The majority of all household smoke detectors in the United States contain a radioactive element, americium-241. While the amount of Am-241 is small enough to be considered harmless, additional care must be taken when disposing of smoke detectors.
That said, these common household products contain circuit boards that can be recycled with other e-waste. The battery, hard plastic case and remaining metals are also recyclable after radioactive elements are removed and managed properly.
Most smoke detectors are disposed of through manufacturer take-back programs. Curie Environmental Services also provides a first-of-its kind mail-back program for all brands of smoke detectors.
Improper disposal of discarded medical sharps, both by home users and health care facilities, can pose potential health risks to the public, waste workers, janitors and anyone who handles the garbage.
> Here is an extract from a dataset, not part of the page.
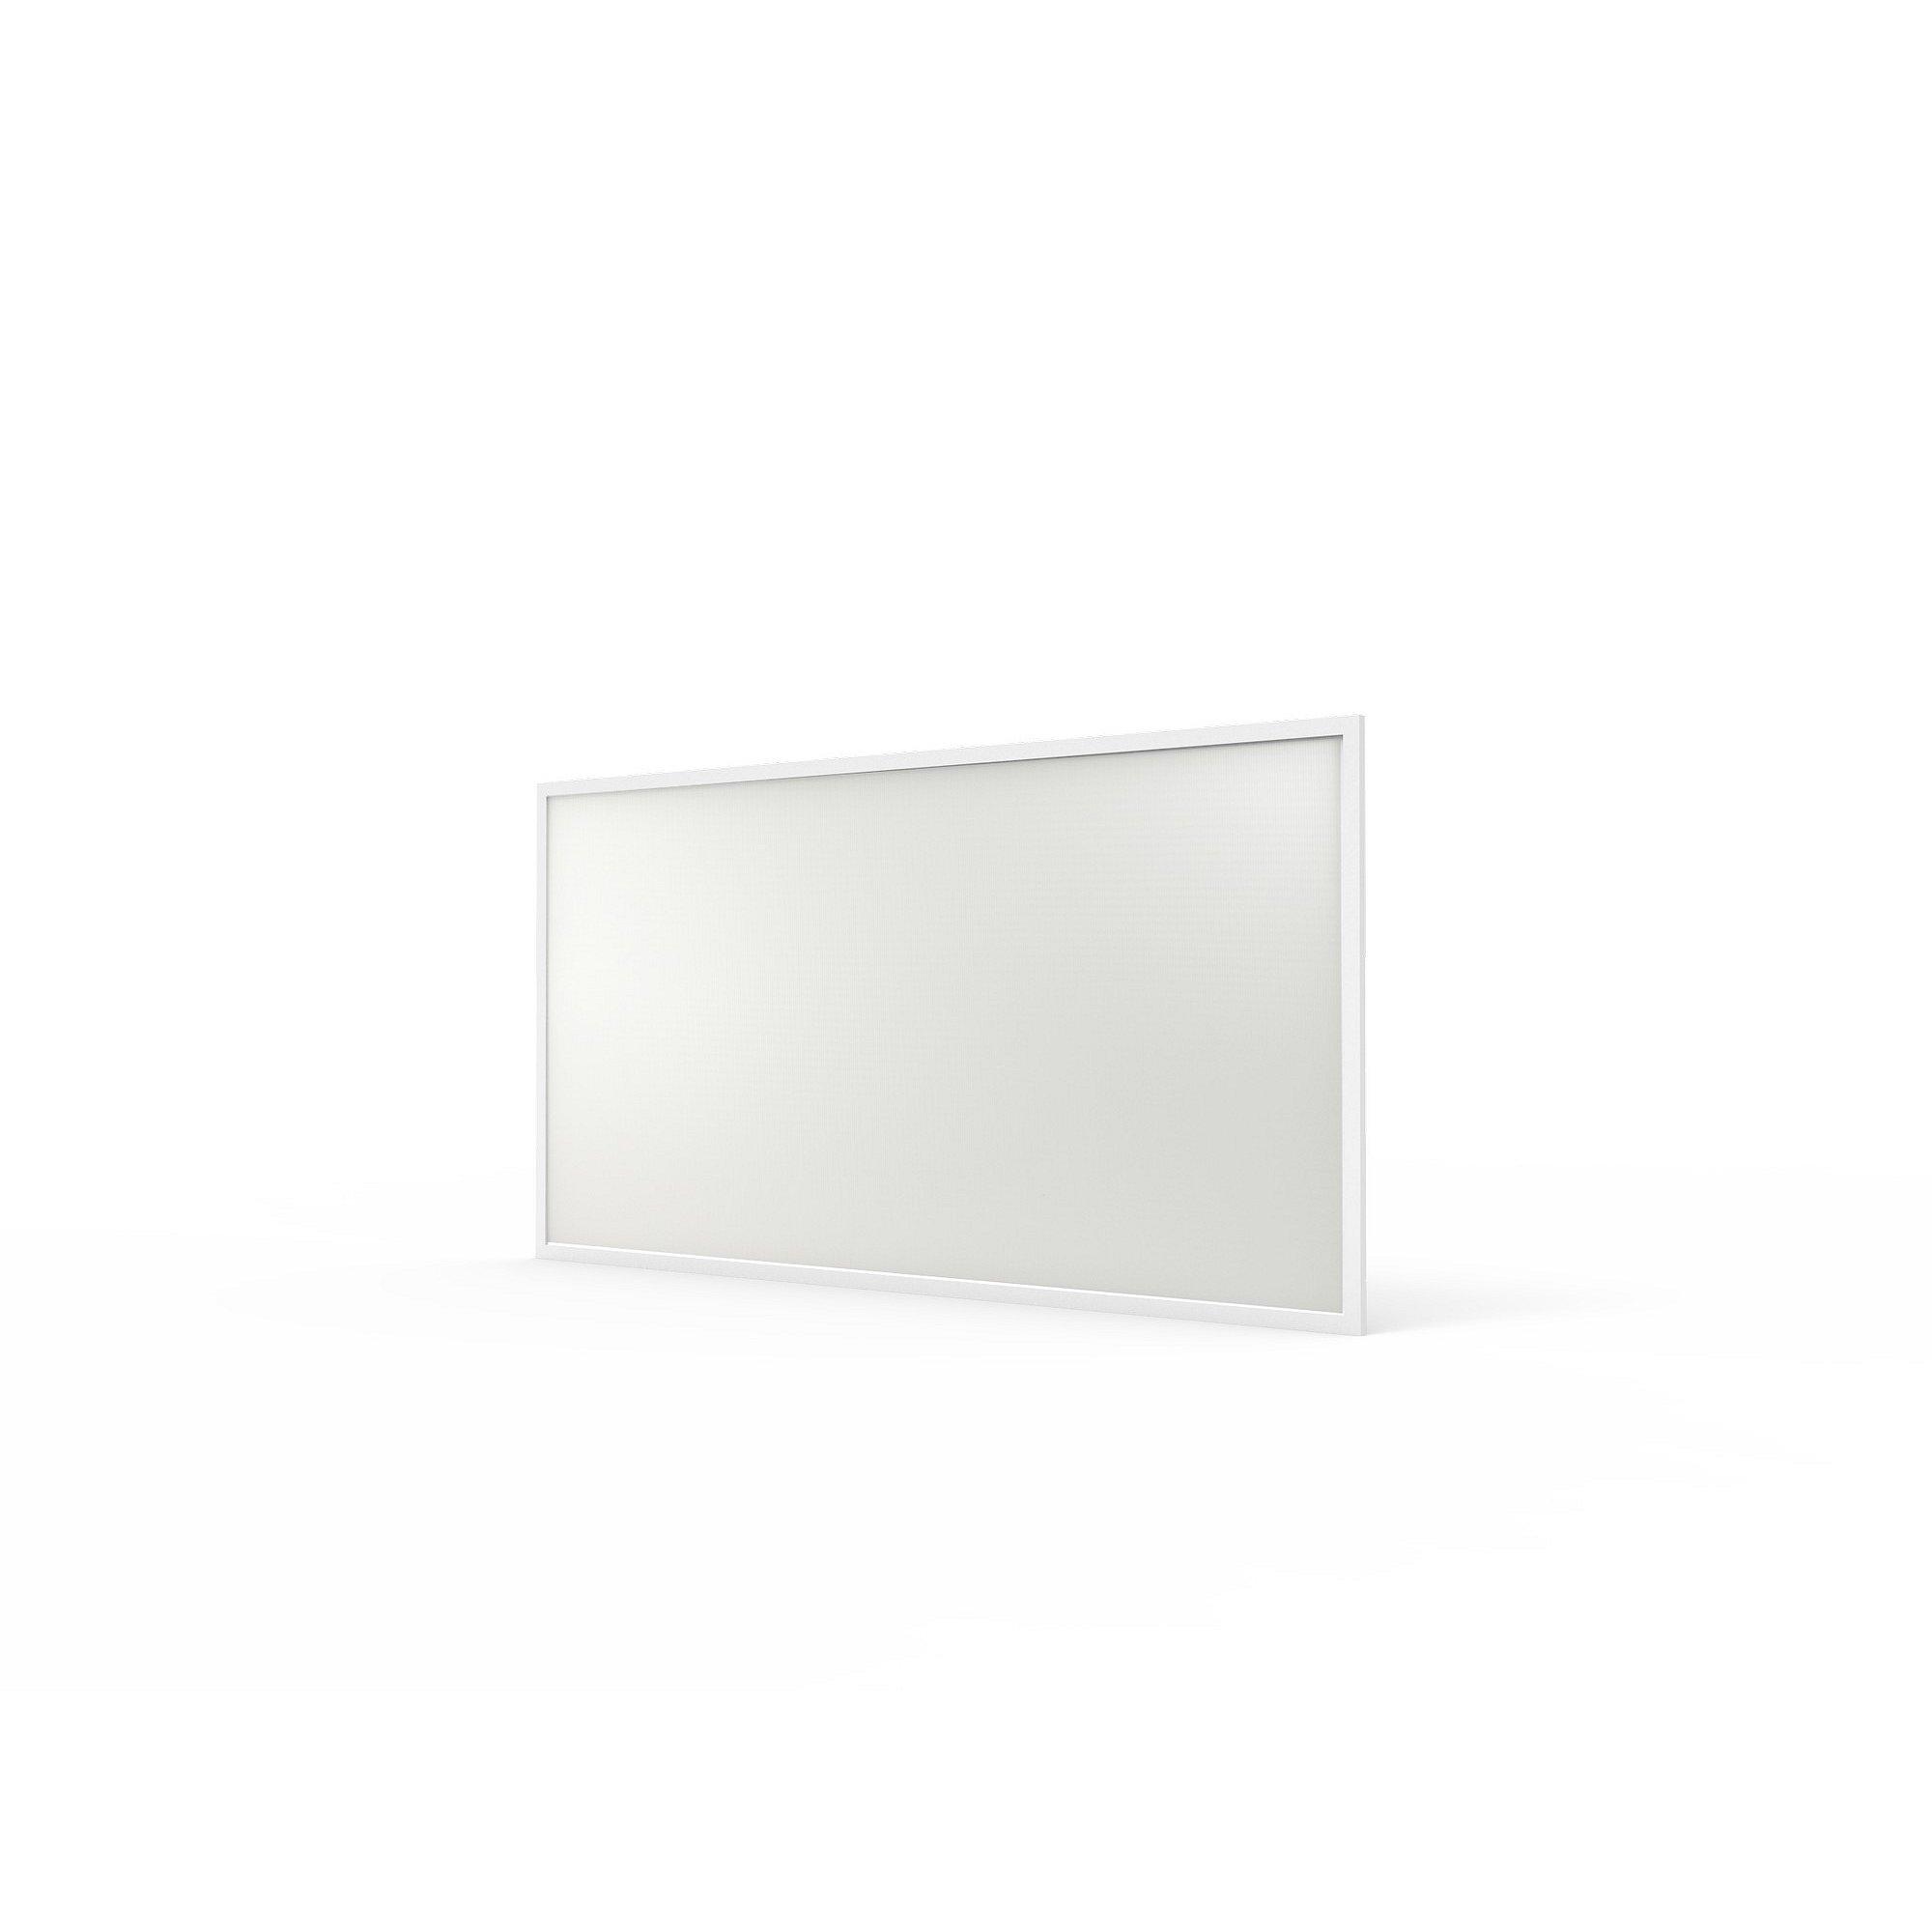 Panel LED Thome Lighting, 60 W, 6000 lm, IP 44

For example, waste workers may be exposed to potential needle stick injuries and infection when sharp containers break open inside garbage bags or are mistakenly sent to a recycling center – making proper disposal crucial for this common medical waste material.
After used sharps are transported to a hazardous waste collector, they are often disposed of in medical waste incinerators.
However, innovators are exploring ways to recover valuable resources from used sharps. Through a partnership with Waste Management, medical tech company BD currently accepts used sharps and recycles them into useful new products, such as its BD Recykleen sharps collectors.